Talia Esther Olayiwola , SEO London candidate 2022
The trip to see To Kill a Mockingbird provided a great opportunity to experience an entertaining and thought-provoking play, while meeting Sponsors for Educational Opportunity (SEO) London staff and students.
We began the trip at Monga's Fried Chicken, a Taiwanese street food restaurant famous for serving enormous portions of delicious fried chicken. Somewhat ironically, we bonded over our shared love of fitness (ranging from boxing to tennis to yoga) and exchanged "gym-networking" anecdotes. We then walked over to the theatre, eagerly anticipating the play, overjoyed to find that we had been gifted some of the best seats in the house.
I first read To Kill a Mockingbird as a child; the Pulitzer Prize winning story of racial injustice opened my eyes to the power and perils of legal systems. and the play did not disappoint; the dialogue was punchy and liberally sprinkled with humour. The costumes and set design were inspired - the porches with iced tea and colourful dresses transported me to the American South.
Rafe Spall was an electrifying Atticus Finch, conveying intelligence, and compassion through his relentless pursuit of justice. The role of Bob Ewell, the farmer who instigates the false accusation against Tom Robinson, was powerfully played by Patrick O’Kane, Bob's words were laced with hatred; the misplaced rage he felt towards African Americans was painfully palpable. I watched in horror as Bob's virulent racism seeped through the veil of human decency to infect well-meaning townsfolks. As such, the tragic of conclusion of the play - an innocent man found guilty - felt inevitable, as did his murder.
As I child I was dazzled by Atticus' intelligence. As an adult, I was disappointed by Atticus, irritated by his naïve faith in the "decency" of an all-white jury and the justice system.
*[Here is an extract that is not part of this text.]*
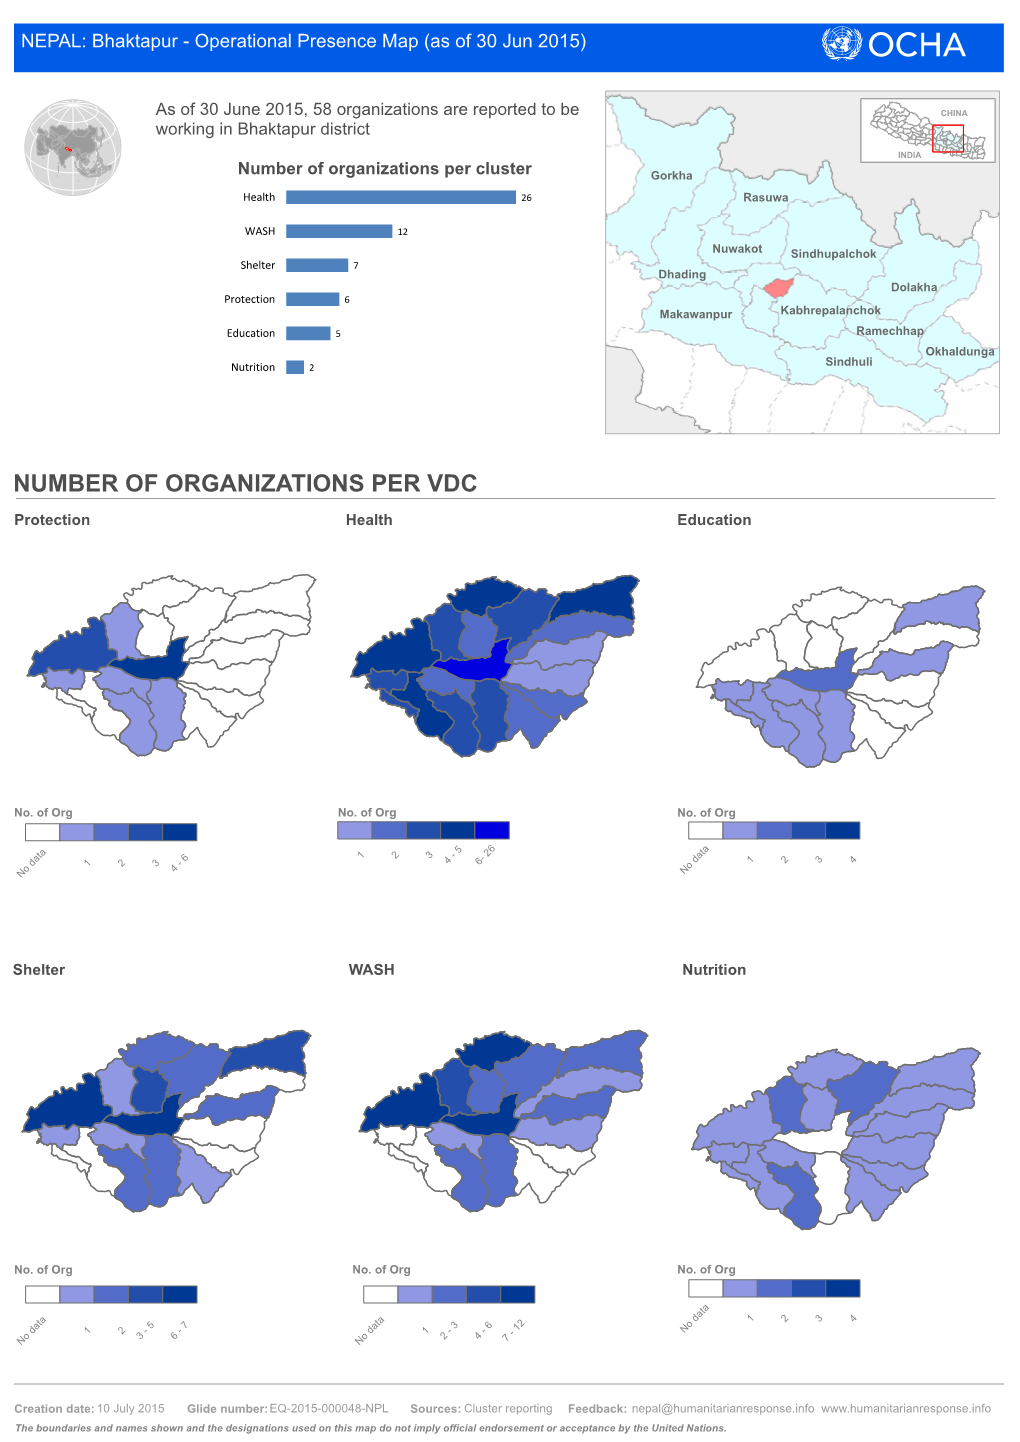 Number of Organizations Per Cluster Gorkha
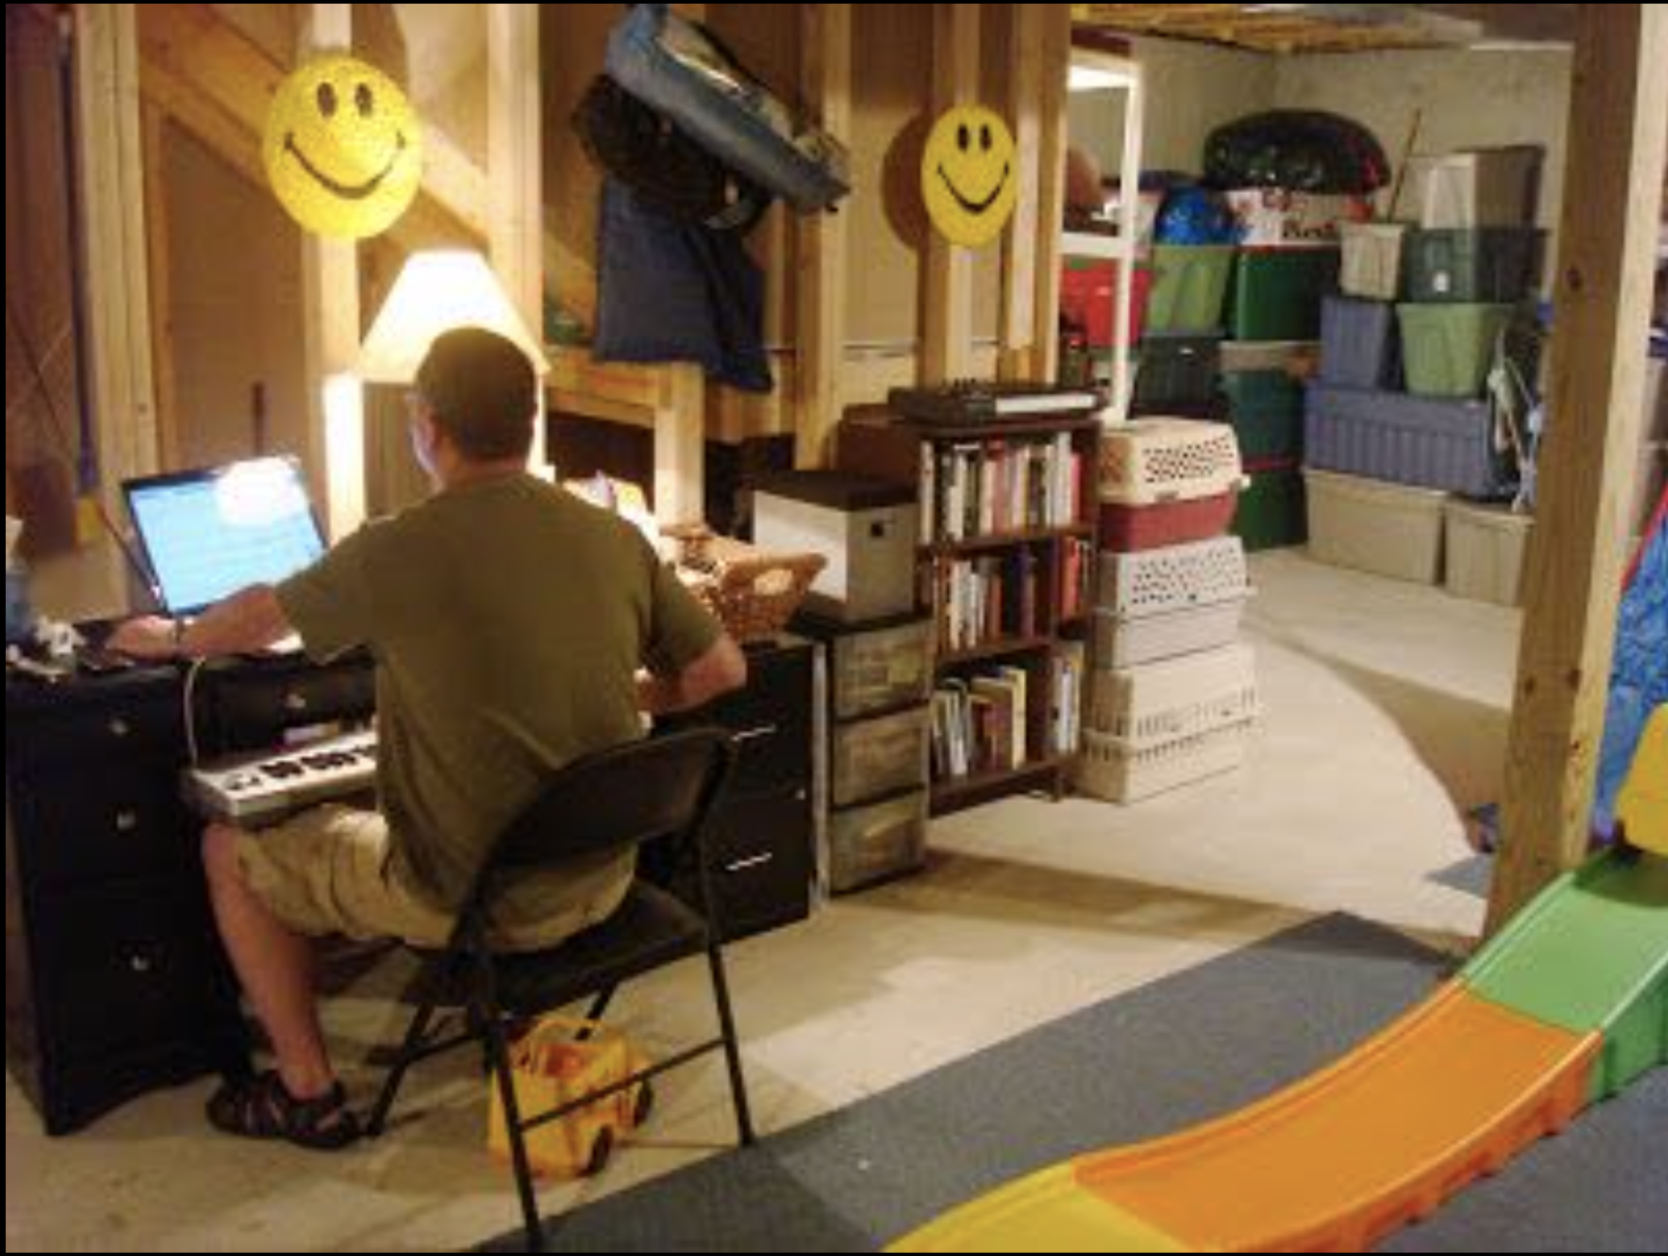 basement man computer smiley faces desk office

Atticus had failed to understand that America's justice system was not neutral; it was not designed to cater for African Americans.
Like Atticus' friend and housekeeper Calpurnia (masterfully played Pamela Nomvete), I felt the jury were "monsters before they walked into the courtroom, and murderers when they walked out". I was also haunted by Atticus' words: "a man must have his dignity", and yet, like Calpurnia, I struggled to reconcile how one could give dignity to all - including people like Bob Ewell, without disrespecting truly decent people - like Tom Robinson.
As we walked home and shared my thoughts with Chang (Chang Yate Tan, SEO London's chief programme officer), he suggested that heroism lies in the constant commitment to being a force for good; Atticus' heroism lay in his determination to give dignity to all - despite challenges, despite failure, despite people sometimes paying the ultimate price, their lives.
The trip reminded me of the power of art to reveal hidden stories and change perspectives.
Through reflecting on the play, I realised that every generation makes mistakes, and although attempts to create a better world may fail, what matters is that one persists in being a force for good.
Atticus had not failed to grasp the limitations of the American justice system; by seeking justice for Tom Robinson, Atticus had insisted on the courts, the law, and the jury being fit for purpose. He also had insisted on the world being better, and like him, we too must persist in seeking out and creating that better world.
I am really grateful to SEO London for not only providing training, mentorship and career advice, but also for providing such a wonderful opportunity for candidates like me to experience art and be inspired to positively impact the world!”